Behind the Chief's house is a pit kept covered by a large stone. The
people celebrate the coming event by dancing for 7 days. On the
eighth day the priestess goes to the pit alone the people sitting at a
distance. She removes the stone and looks into the pit. If she sees vapour rising and
young seedlings of corn sprouting she stands up and laughs for this
portends a good harvest; whereat all the people join in laughing.

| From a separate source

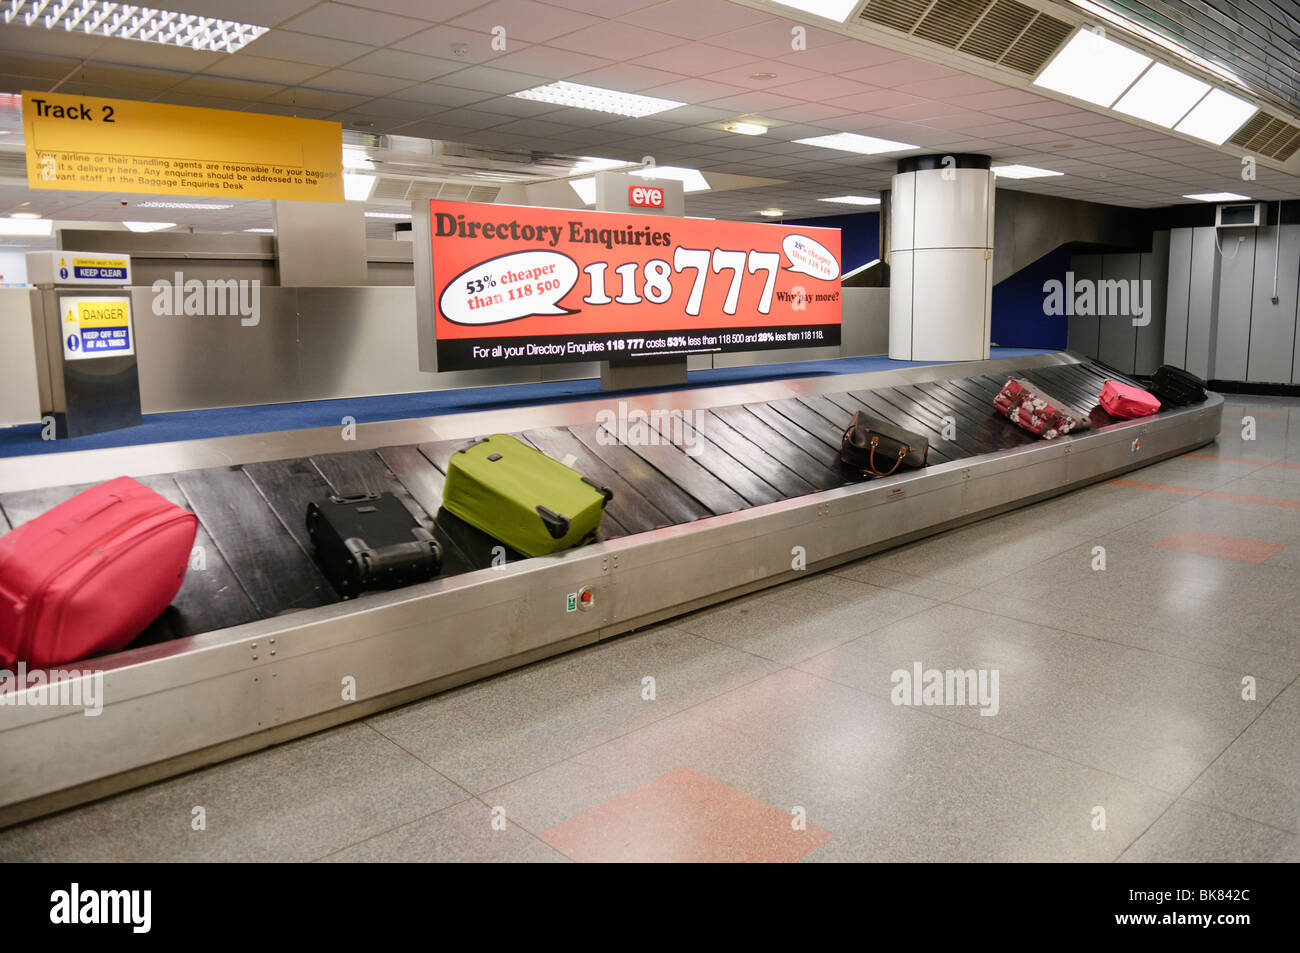 Baggage/Luggage on a luggage carousel at an airport Stock Photo - Alamy

They then dance and drink beer for another 7 days. Should the
priestess see no vapour or seedlings she cries and all lament. No one
is allowed to look into the pit except the priestess. Divination of
crime is however performed by the village head.
(p86) MARRIAGE
-
In marriage by exchange if one
couple has no children, it is customary for the other couple to share
their children with them. That is to say if one couple has four
children two of them would be given to the childless couple.
-
At Mbanga and Mbang apart from marriage by exchange they have a
system of marriage which might be termed marriage by labour. Should
a woman have no brother and a man, having no sister, wished to marry
her he goes to her farm and works it for her one year and provided her
with beer. At the end of the year she goes to his house. No bride
money is given but if a son is born, when he grows up, he works on his
grandmother's farm for a year. They have no marriage by purchase.
BURIAL
-
After death the body is opened and the whole of the internal organs
examined for signs of witchcraft. I was unable to substantiate Mr
Meek's statement that only the heart is examined (v.para.1,p551,Tribal
Studies I). In fact at Mbang they go so far as to make incisions on
the inside of the elbows and behind the knees and examine the veins
and tendons and also sever the head completely.
- At Mbaso and Gubin the body is placed in a sitting posture in the
grave. Elsewhere the corpse is laid on its right side with the head
to the west and the feet to the east. In some instances a woman is
lain on her left side.
- As a rule, the period of mourning is one year.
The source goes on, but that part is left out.